|Lotus Suite 1-4, FL. 22
Creating health systems of the 21st century to provide high quality care for today’s health problems requires modernizing, improving, and streamlining the way people receive and pay for health care. Growing health needs due to aging and epidemiological transition collide with challenging realities in countries at all income levels: inadequate infrastructure and too few health providers in low-income countries; budget-busting provision of comprehensive health services for all in middle-income countries; and layers of high-cost care in high-income countries. Fully tackling these challenges will require new resources for health – and wiser allocation of existing resources – to keep up with rising demand, and to fairly provide the benefits of advanced technology to all.
Of the projected $80 billion increase in health investments needed by 2030 to meet SDG 3, more than 60 percent is needed to grow NCD services, and 85% is expected to come from domestic resources (SDG Health Price Tag, WHO 2018). And yet many countries, including India and multiple countries in Africa, have deprioritized health within government budgets in the past 15 years. Middle-income countries struggle to meet new promises against tight budget ceilings. Solutions are multi-faceted and multi-partner. The primary responsibility for meeting health needs lies with governments, but external resources will be required to fill the large vacuum in NCD control in the poorest countries of the world. Other LMICs can accelerate progress toward UHC by augmenting existing resources with technology, technical assistance and partnerships. External resources can come from multiple sources, such as official development assistance (ODA), loans – both at concessional and commercial rate, the private sector, and innovative financing. Internal resources are predominantly generated from the public sector, where efficient delivery of services is paramount to achieving greater coverage for NCD needs.

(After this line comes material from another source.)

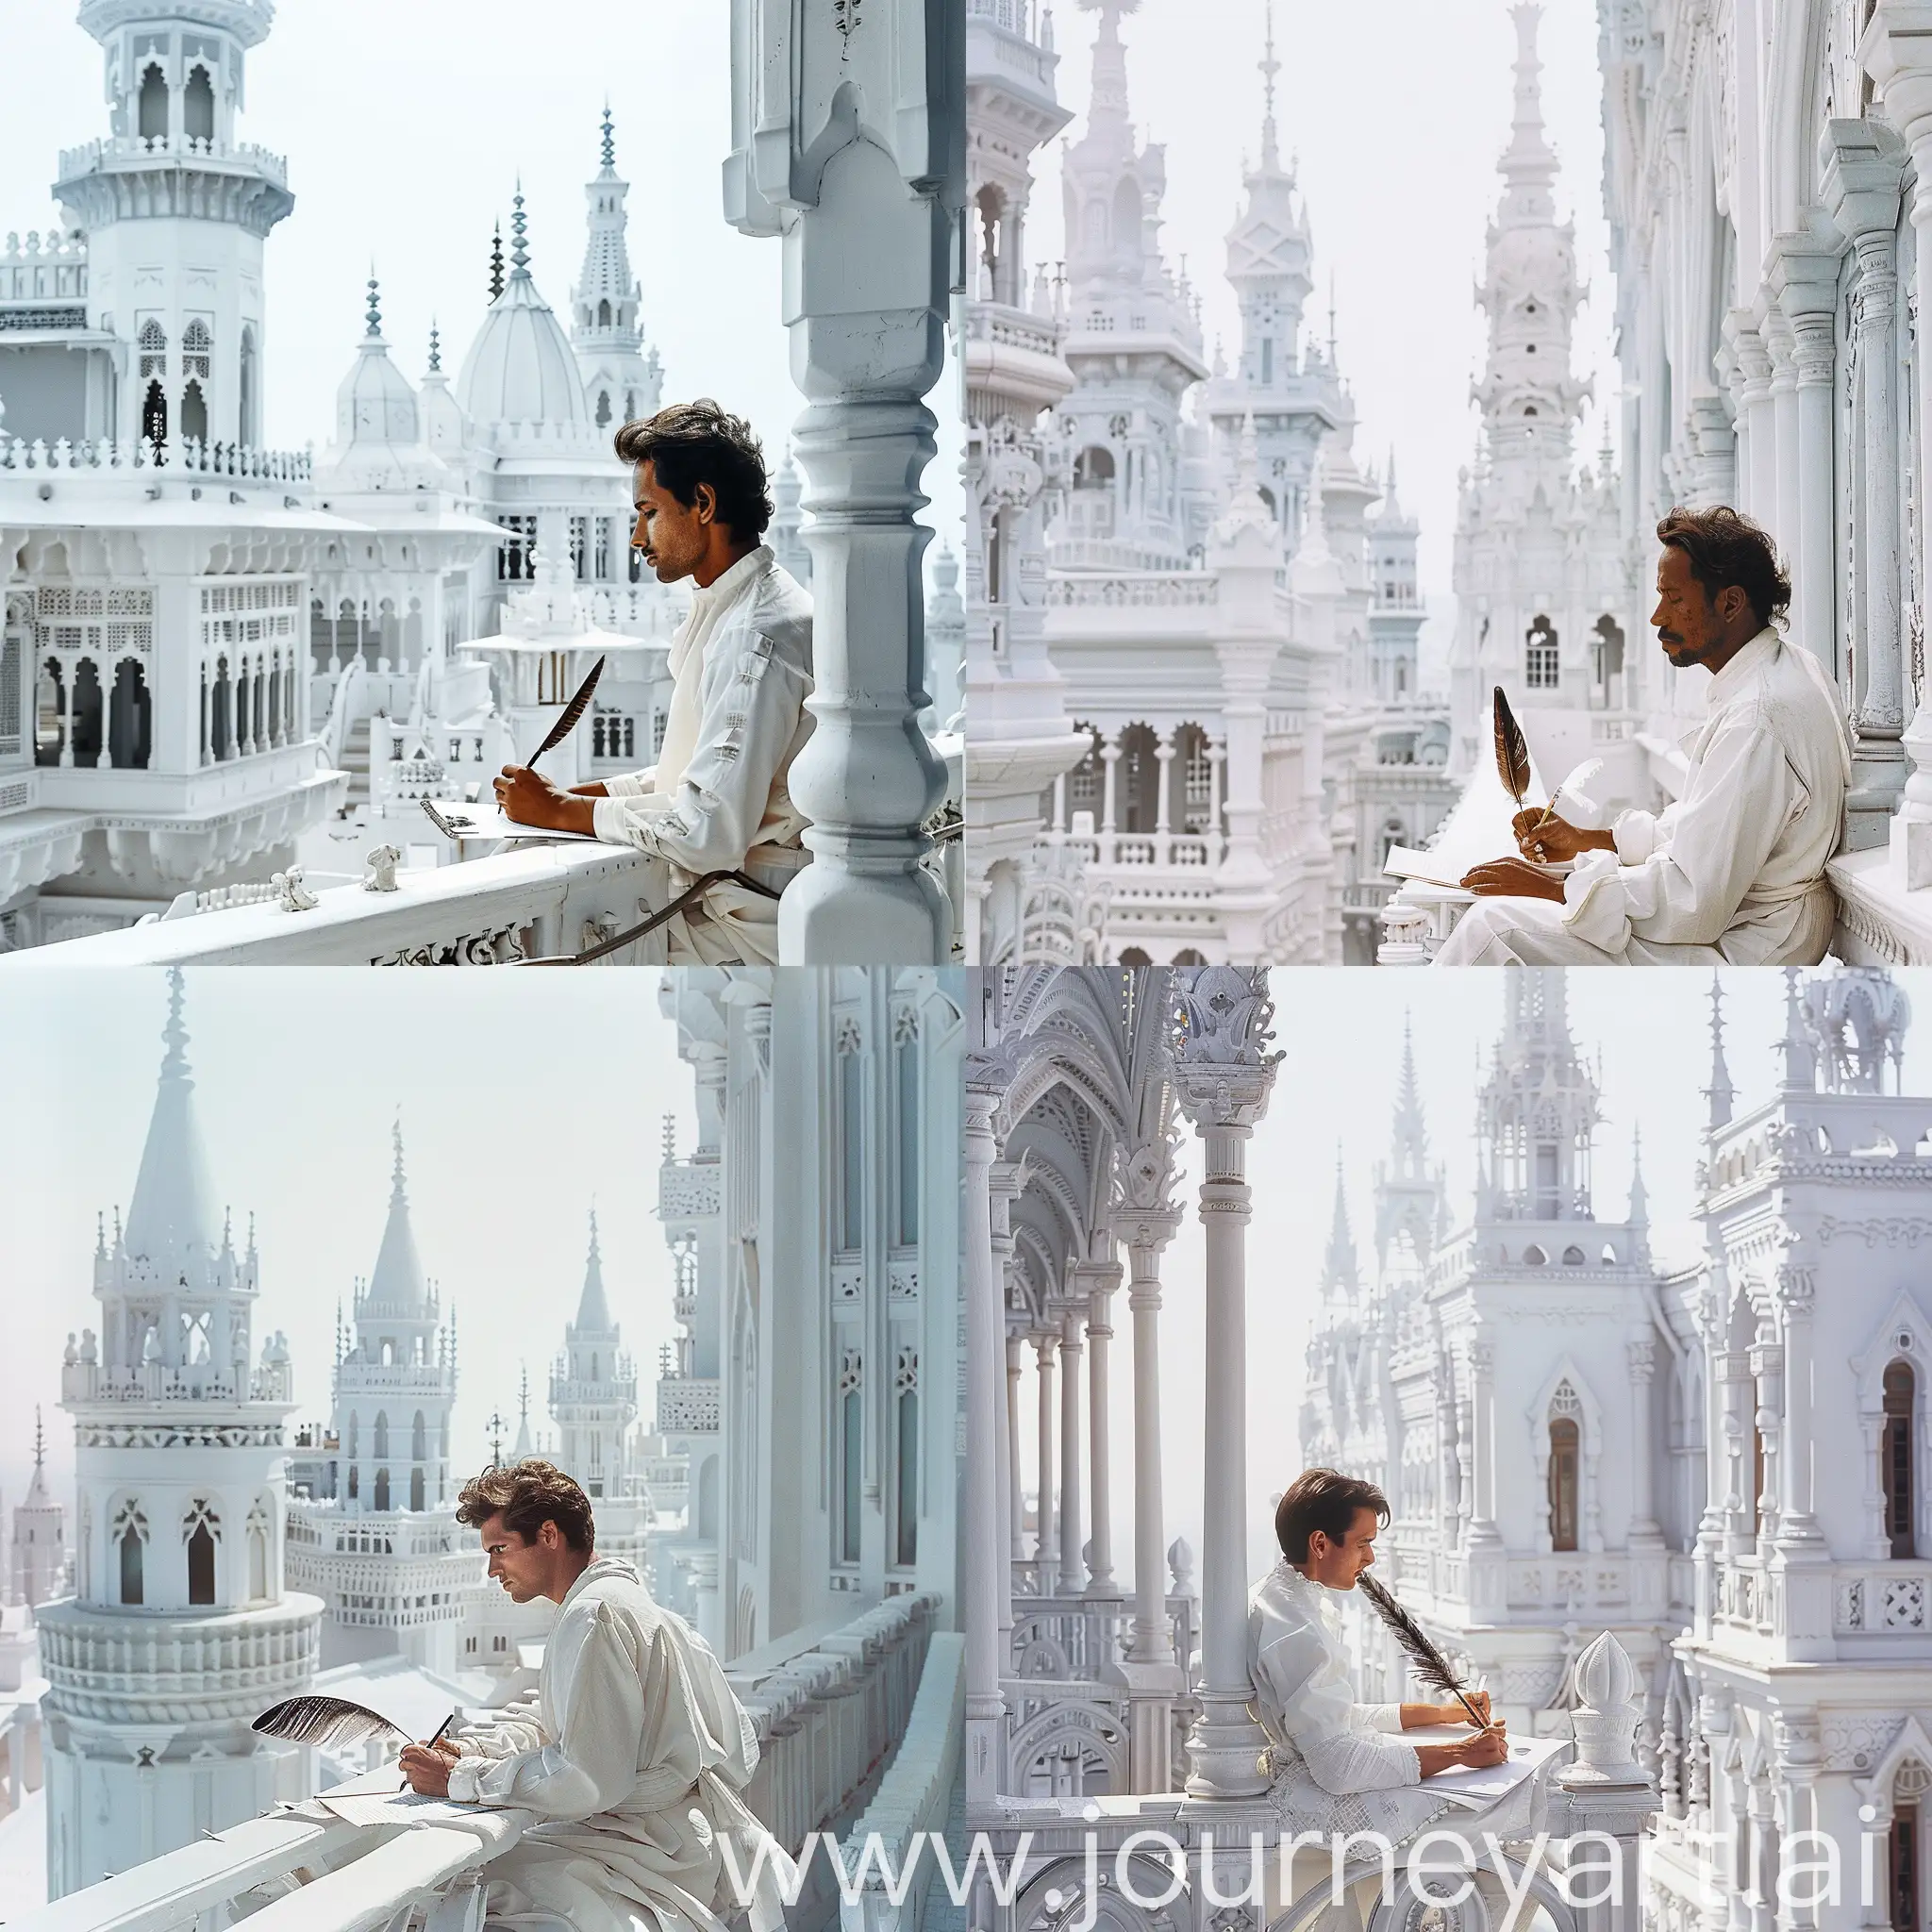 Мужчина (европеоидной расы) в белой одежде сидит и пишет на бумаге перьевой ручкой на балконе одного из зданий белого дворца, вилны также другие белые здания со шпилями, небо бело-синее сплошное

This session provides a close look at sources of funding for NCDs in LMICs by looking at historical trends in funding from official and non-official donors, as well as LMIC governments. It examines the financing gap for NCDs, globally and for selected countries, and projections of how that gap will be narrowed by 2030. Finally, the session offers examples of funds mobilization from a variety of sources – public, private, and innovative. It features representatives of organizations that are co-creating customized financial mechanisms and arrangements to close the NCD financing gap.